18 dezembro 2010

A FELICIDADE NÃO SE COMPRA

Natal, data em que as pessoas se juntam para comer e fingir que não estão sozinhas, um homem vai ao cinema ver A felicidade não se compra de Frank Capra. Vai para sentar no escuro e no ritual do templo do cinema, rever seu ano e todos as tragédias e conquistas por quais passou. Sua face é sólida, sem sorrisos e sem lágrimas. Vem um grito de longe: “Corta! Corta!” Acende a luz, aparece Orson Welles. “Está tudo errado! Você não entende as motivações do seu personagem! Ele não está anêmico a tudo, está no processo de cometer um assassinato e reviravoltas tomam seus pensamentos.” “Hum… isto não está no roteiro! Aqui só diz que ele não se via um ano atrás onde se encontra agora e está transtornado por isso, por todos os caminhos que não deveriam ter sido. Diz que por todo o seu ano passou de papel em papel, sem nunca parar um segundo para descansar e parar de interpretar algo que não é.” “Exato, não acha que alguém assim está a beira de cometer um assassinato?” “Não, pois não está aqui escrito e fui só contratado para interpretar o que está escrito!” “Chega, chega, você não entende nada!
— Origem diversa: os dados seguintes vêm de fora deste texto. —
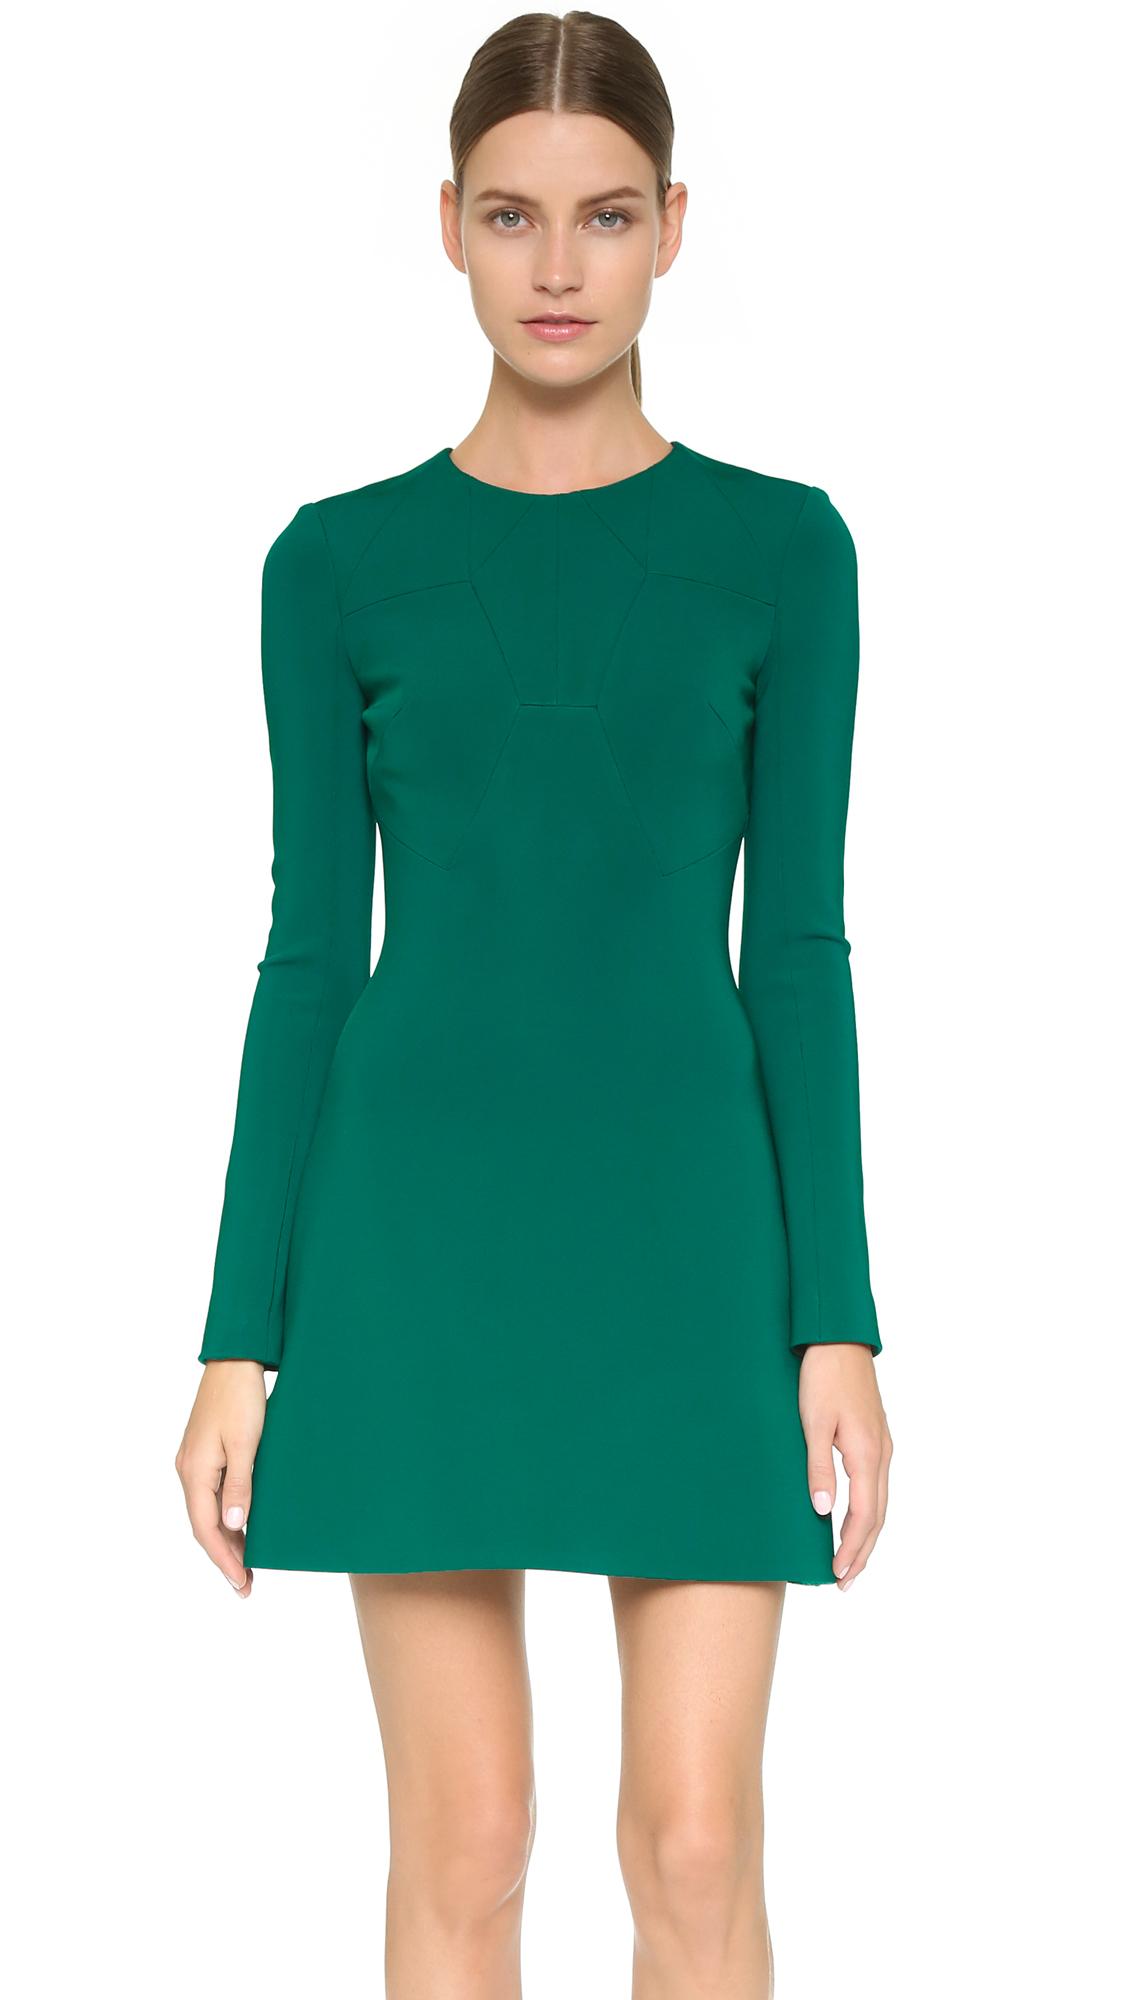 Cushnie et ochs Long Sleeve Dress - Emerald in Green | Lyst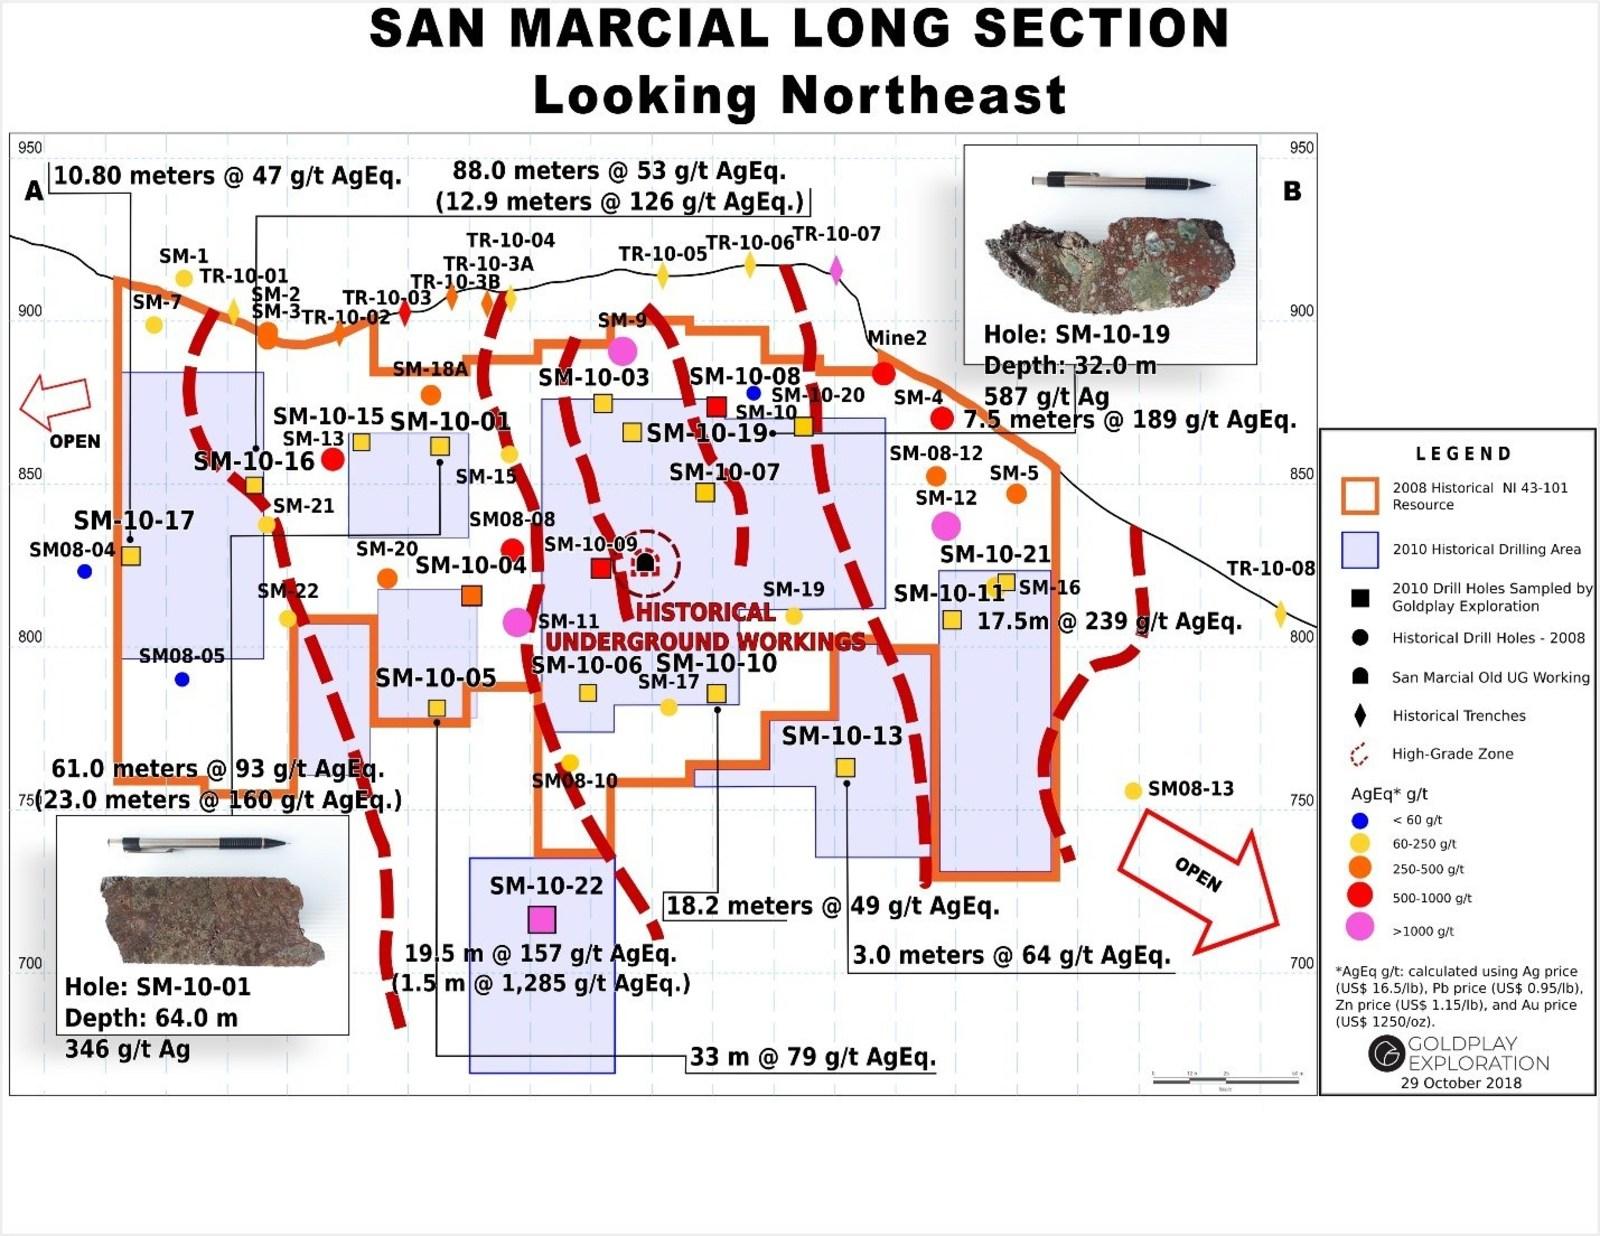 Figure 7: San Marcial Longitudinal Section A-B

Vamos tudo de novo, e faça agora certo!” Apaga a luz, Welles grita “Ação!”. O homem ainda olha para a tela com uma face sólida, cansada de mais para correr atrás da possibilidade de uma felicidade, ou reagir ao aproximar de uma nova tragédia. Welles irritado grita mais uma vez “Corta!”. Depois entra em cena, senta-se na cadeira atrás do homem e grita “Ação!”. Roda mais uma vez o filme, e o homem o observa da mesma maneira. Porém, dessa vez, Welles se levanta de sua cadeira e com o roteiro em mãos, o afunda na cabeça do homem, repetidas vezes, até o matar. O homem fora finalmente assassinado. O som de palmas solitárias toma o cinema, a câmera faz um traveling para algumas cadeiras à frente dos dois, e pára ao encontrar Oscar Wilde, virado, observando a situação: “Fabuloso! Fabuloso!”. Welles mais uma vez grita: “Corta! Chegamos finalmente a epifania do filme, agora precisamos de um novo ator. Chamem-no!” Entra Klaus Kinski. Wells grita mais uma vez “Ação!”. Kinski anda pelas cadeiras do cinema até chegar a cadeira com o cadáver do homem sem nome, empurra seu corpo para o lado, sujando suas mãos de sangue e senta em seu lugar. Passa as mãos no rosto, o pintando de vermelho, e fala virando para a câmera “O amor é a salvação! Por que estou sozinho? Não sei. Mas pretendo violentar o mundo até descobrir.”